THE TASK
Beginning at the line containing "Gildan-Softstyle-Long-Sleeve-T-Shirt-64400 thumbnail 16", repeat each line below exactly up to and including the line containing "Vinil A Wooden". Do not repeat the pictures.

SOURCE RECORDS

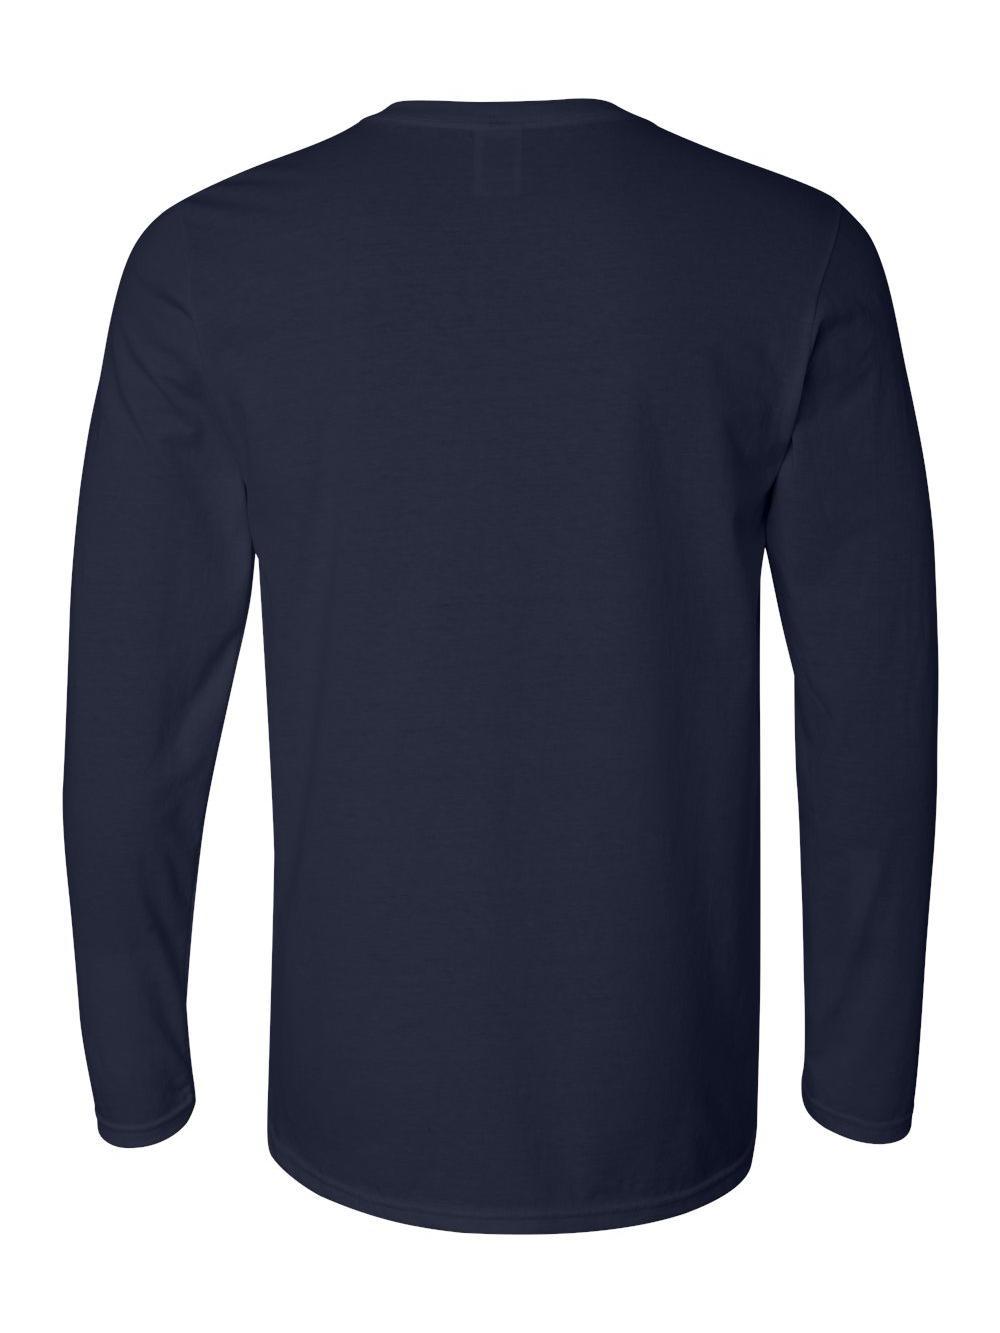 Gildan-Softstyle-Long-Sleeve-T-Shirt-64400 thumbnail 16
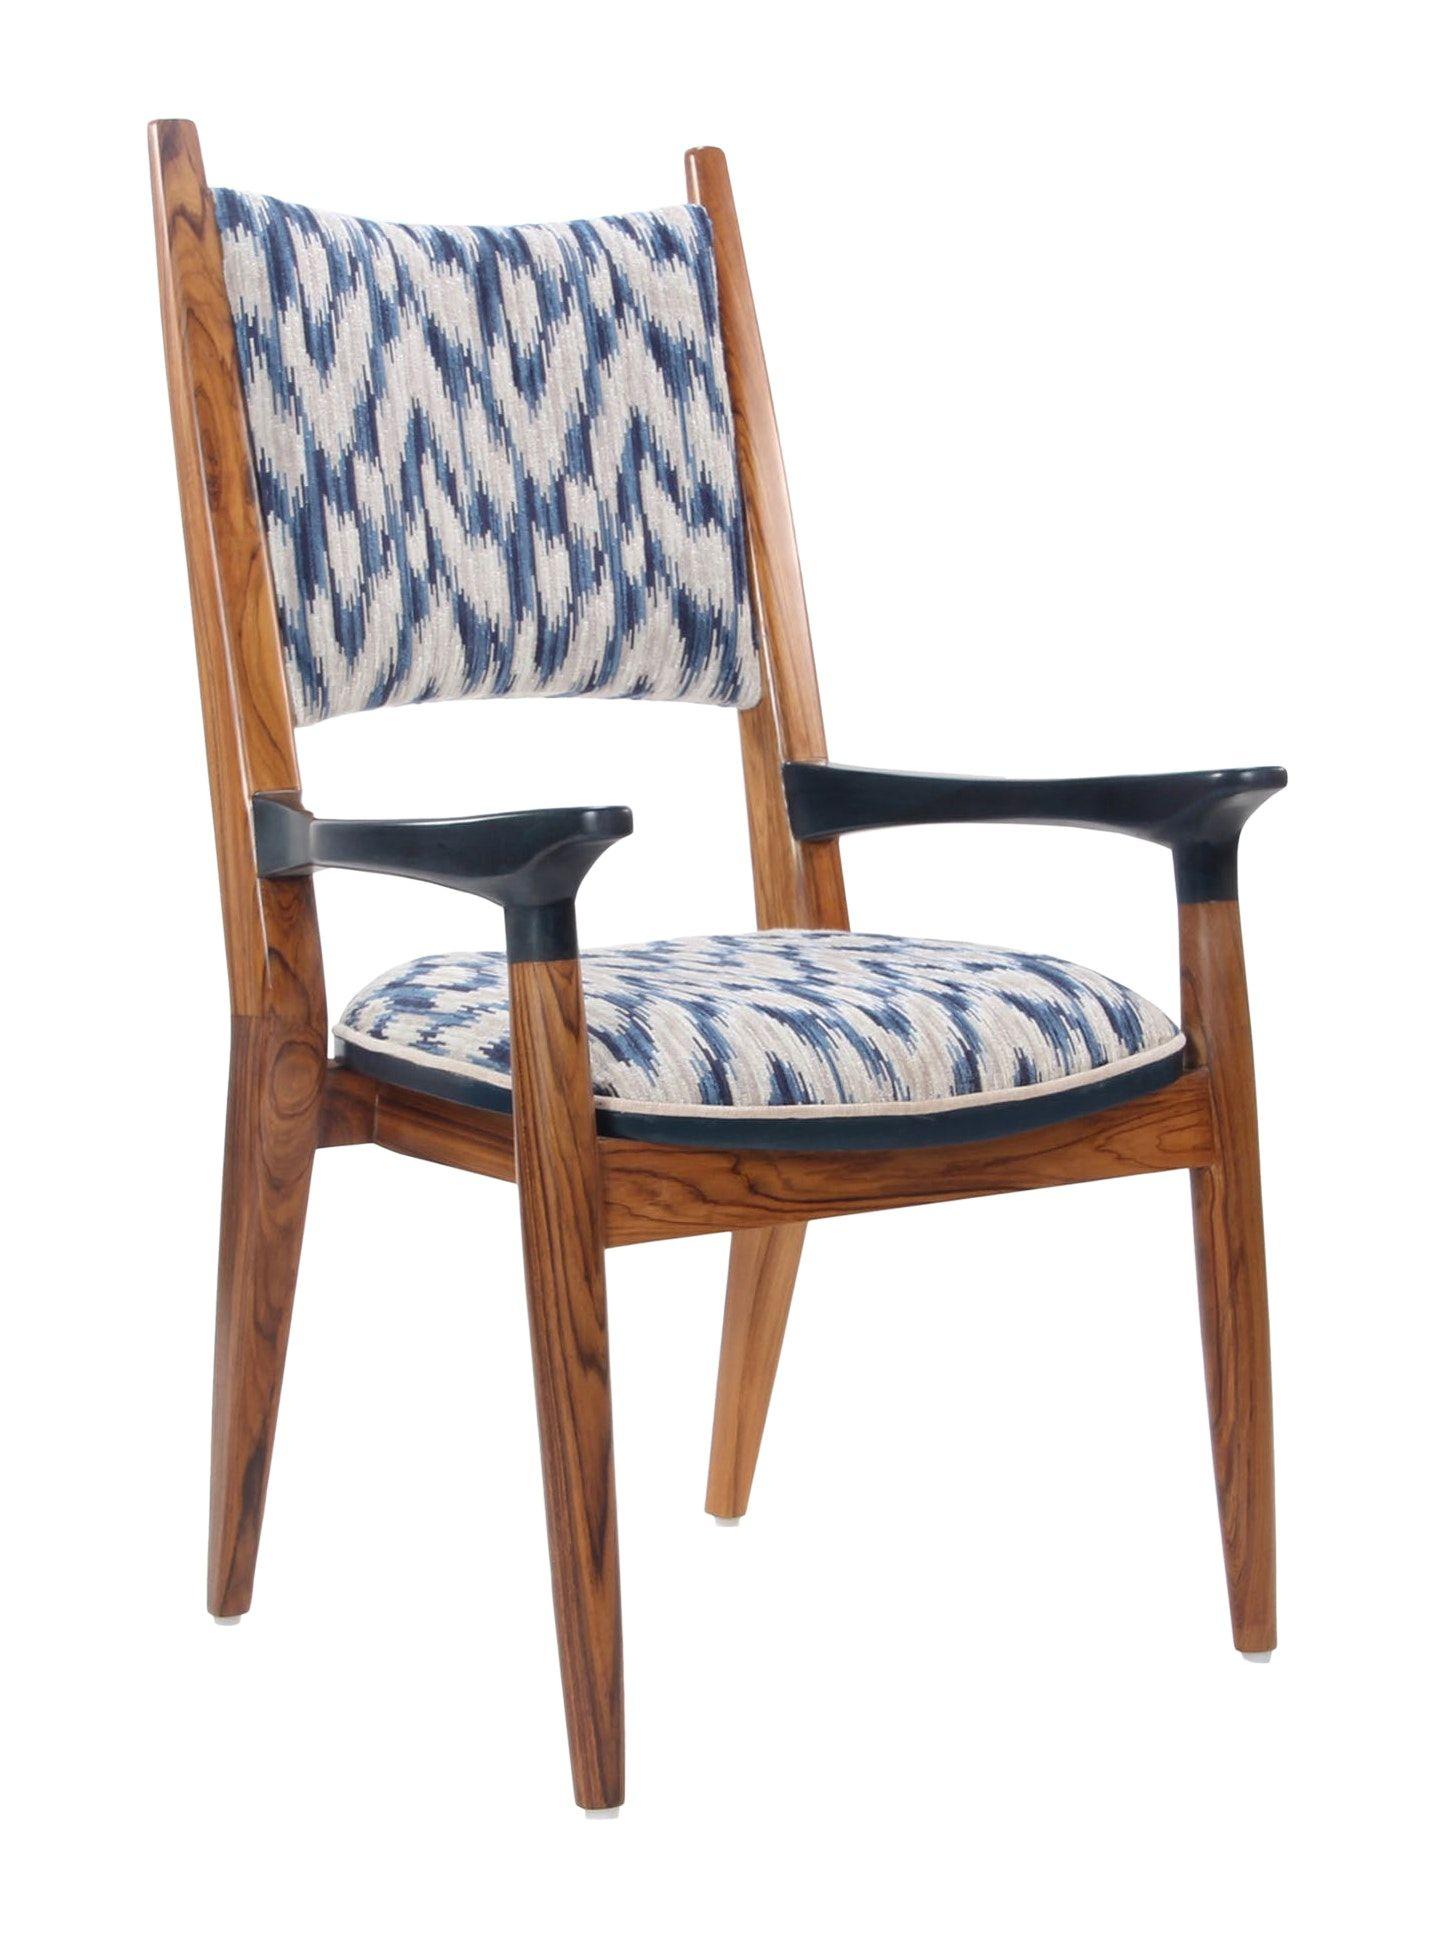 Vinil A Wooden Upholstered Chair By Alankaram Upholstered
...
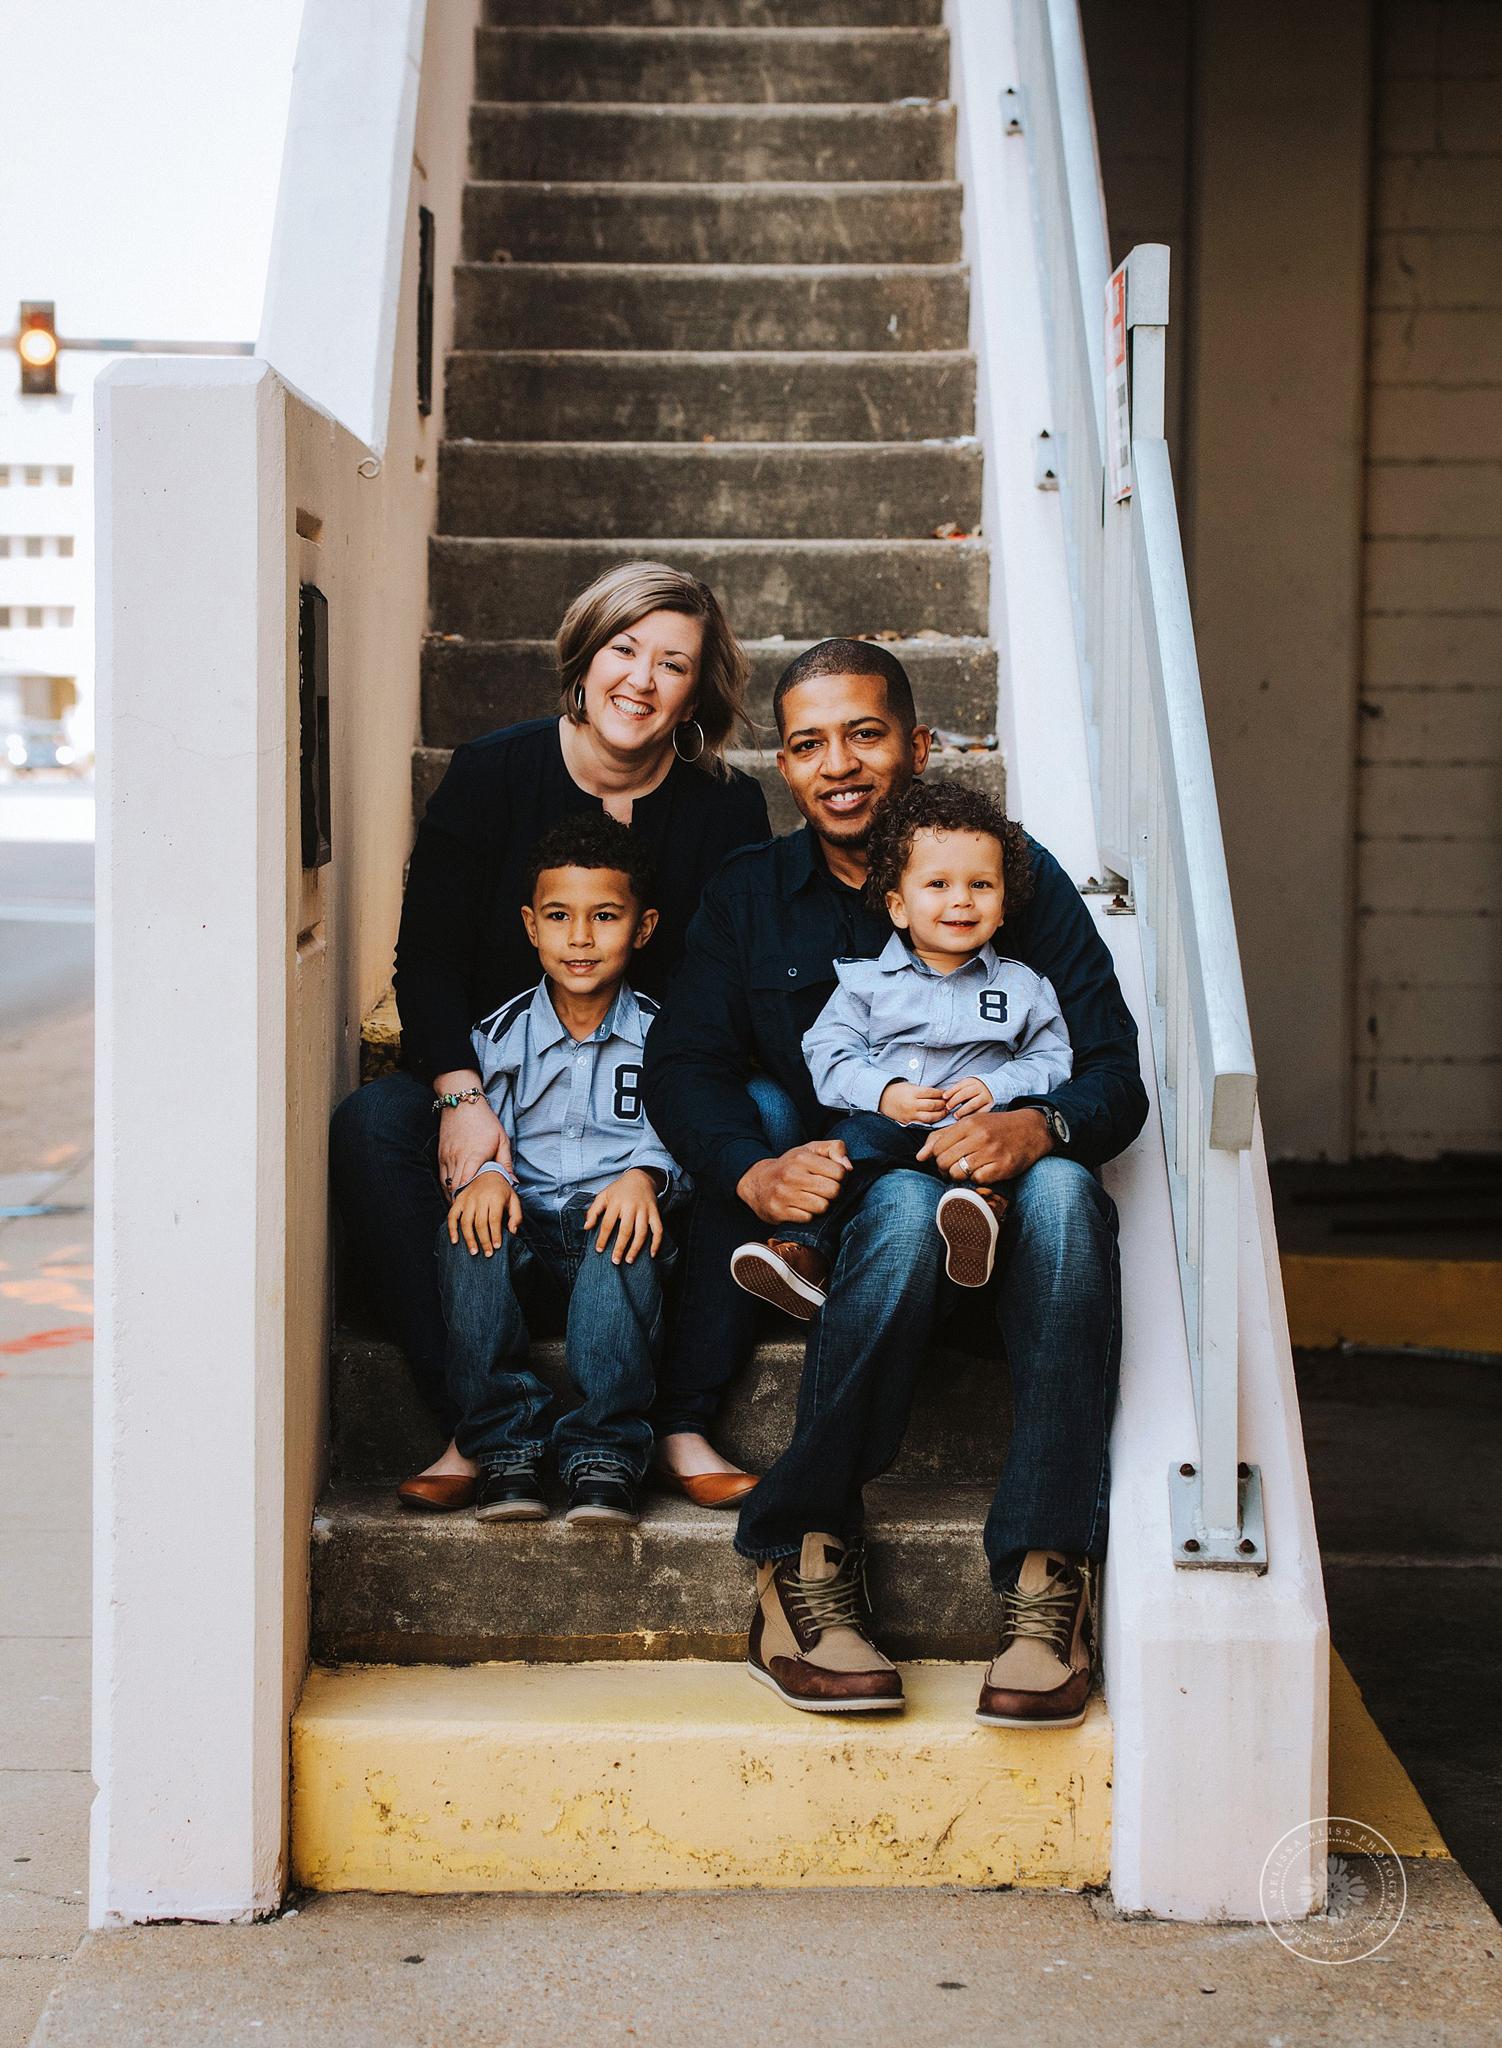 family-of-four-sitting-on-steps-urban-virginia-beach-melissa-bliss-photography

WORKED SOLUTION
 Gildan-Softstyle-Long-Sleeve-T-Shirt-64400 thumbnail 16
 Vinil A Wooden Upholstered Chair By Alankaram Upholstered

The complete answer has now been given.